He was a demonic emperor who stabbed citizens at random and let Rome burn. Or was he? We go behind the scenes at a new show exploding myths about the ancient world’s favourite baddie

Nero comes with a lurid reputation. “The main thing we know about him is his infamy,” says Thorsten Opper, curator of the first British exhibition devoted to the Roman emperor. “The glutton, the profligate, the matricide, the megalomaniac.” Also, the pyromaniac: famously, Nero “fiddled while Rome burned”, or at least strummed his kithara to one of his own compositions, The Fall of Troy, while a fire, supposedly begun by him, destroyed three of Rome’s 14 districts and seriously damaged seven.
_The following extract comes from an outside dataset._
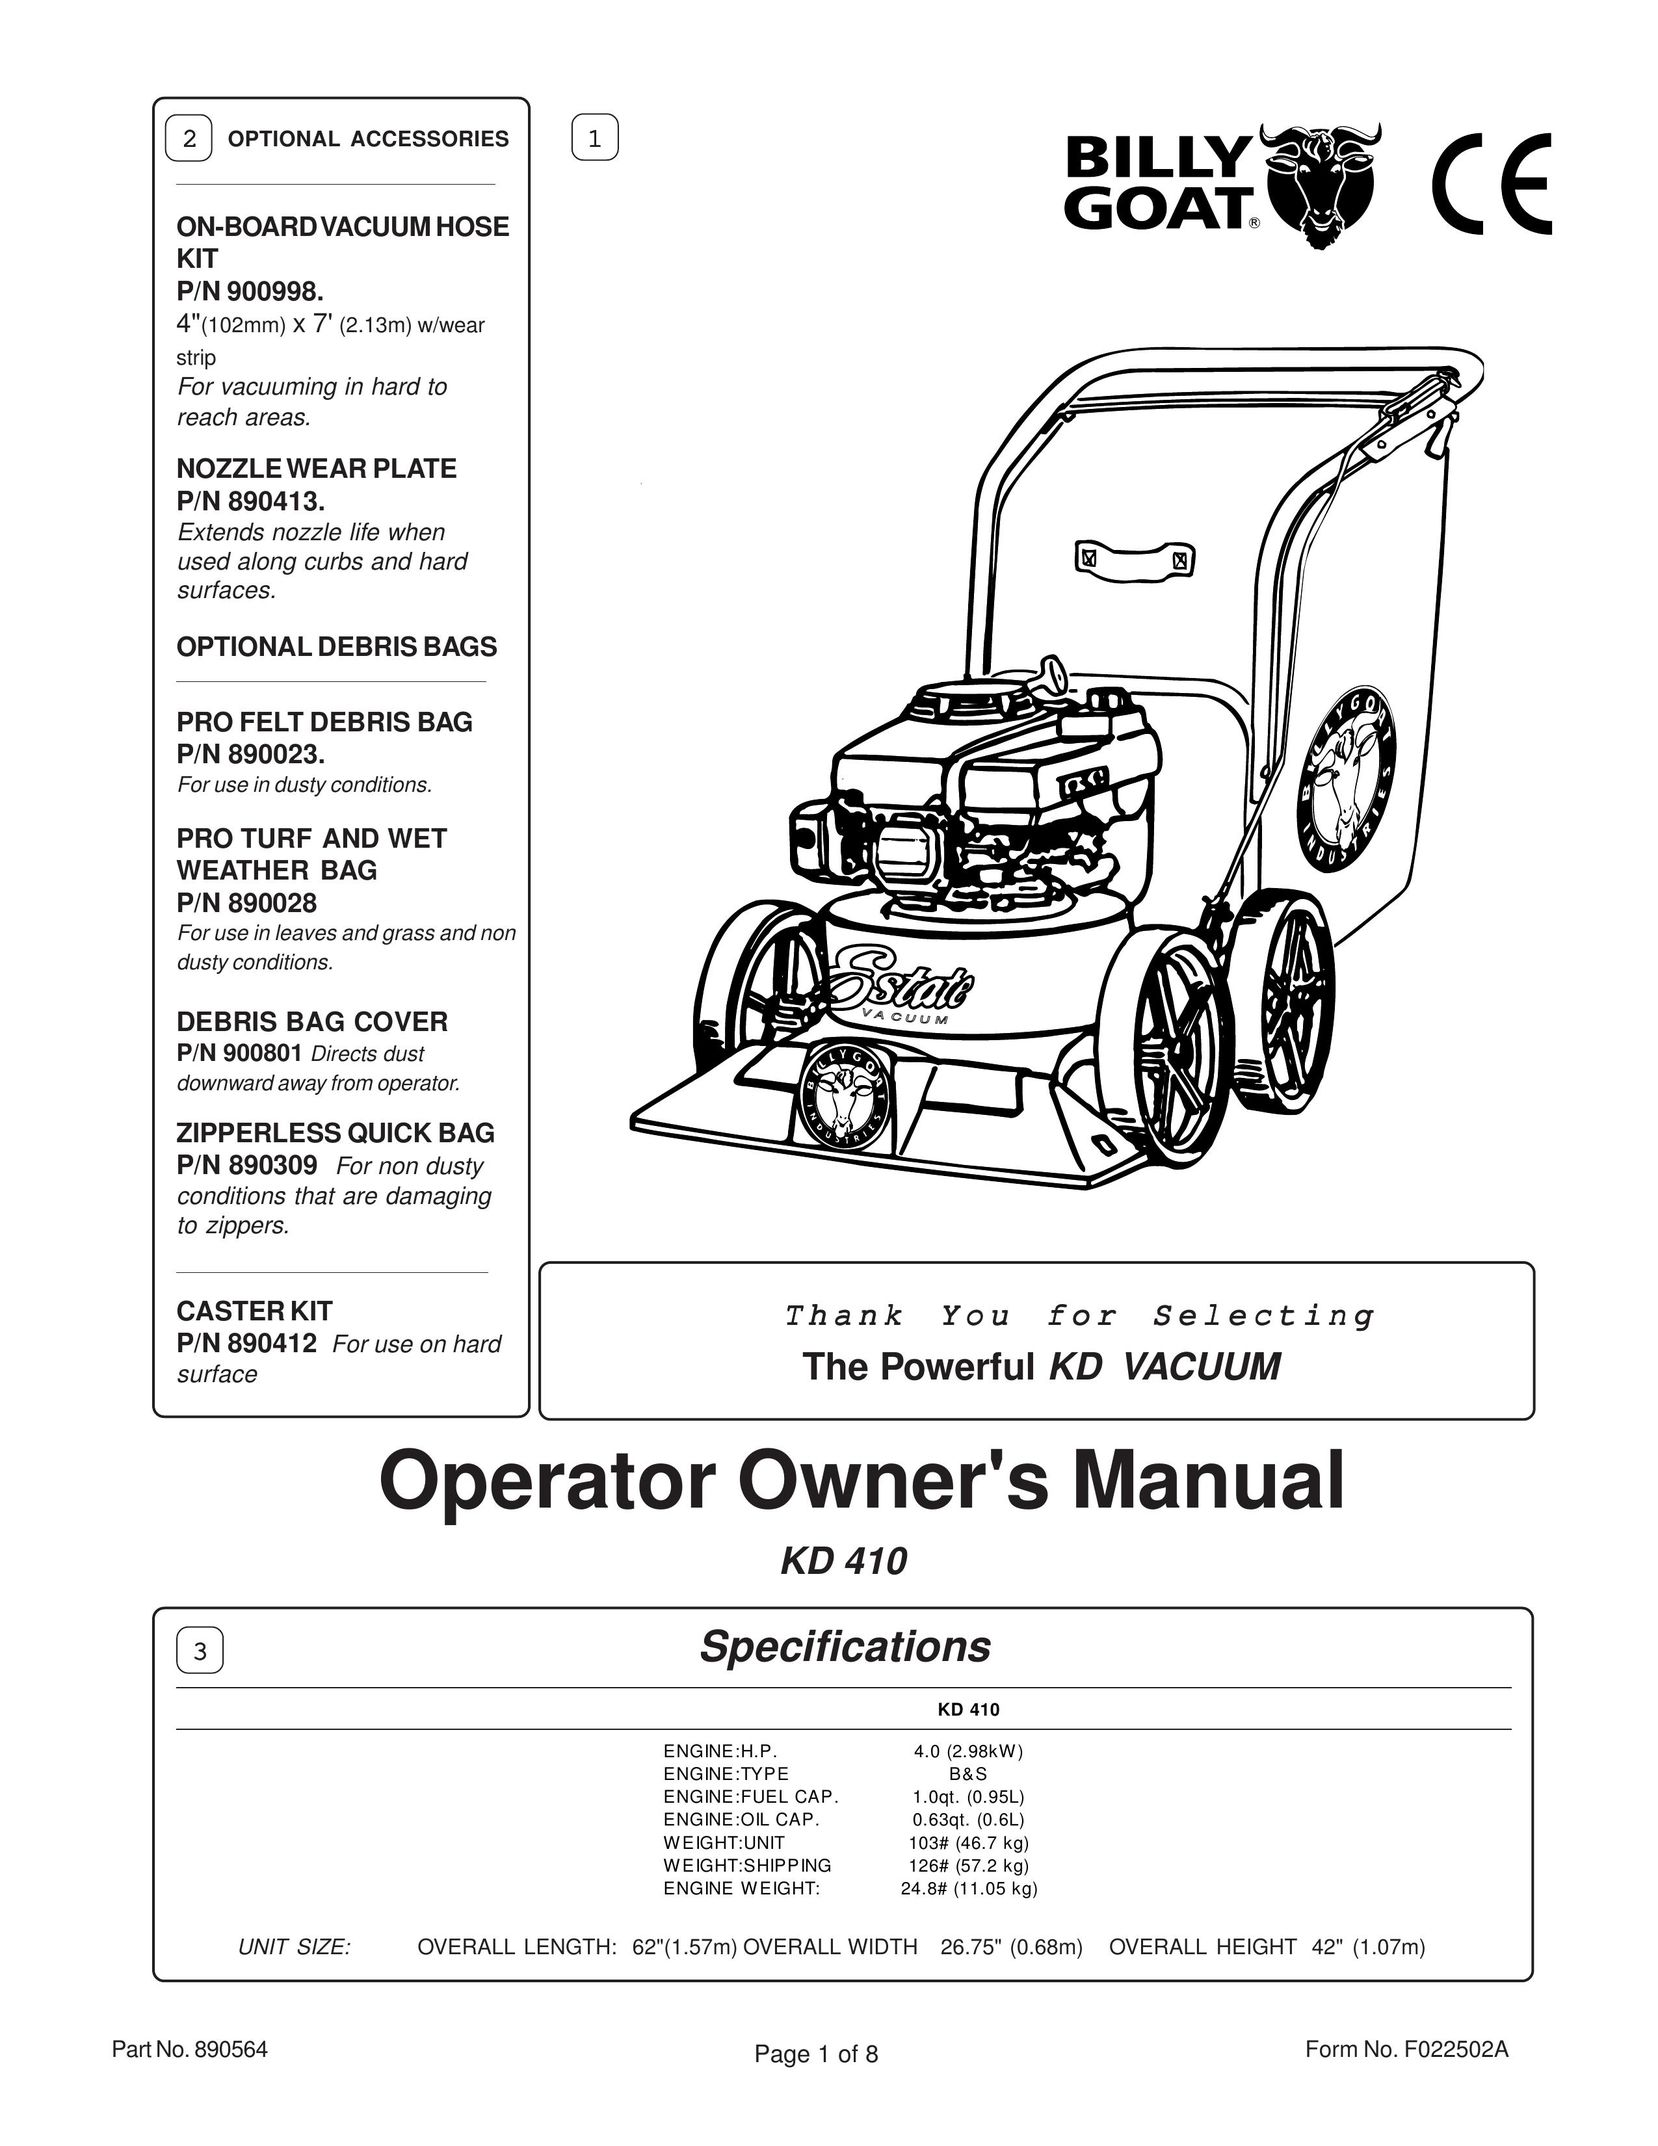 Billy Goat KD 410 Vacuum Cleaner User Manual

His afterlife on the page and screen is certainly arresting. Nero inspired some of the greatest Renaissance and baroque operas, notably Monteverdi’s L’Incoronazione di Poppea and Handel’s Agrippina, which chart the emperor’s adulterous love for Poppaea, who became his second wife. In the epic 1951 movie Quo Vadis, Peter Ustinov played Nero as entirely unhinged: a mincing, purple-swathed toddler in a man’s body. Christopher Biggins took him on in I, Claudius, the classic BBC adaptation of Robert Graves’s novel, and made him power-hungry, baby-faced and quite, quite mad.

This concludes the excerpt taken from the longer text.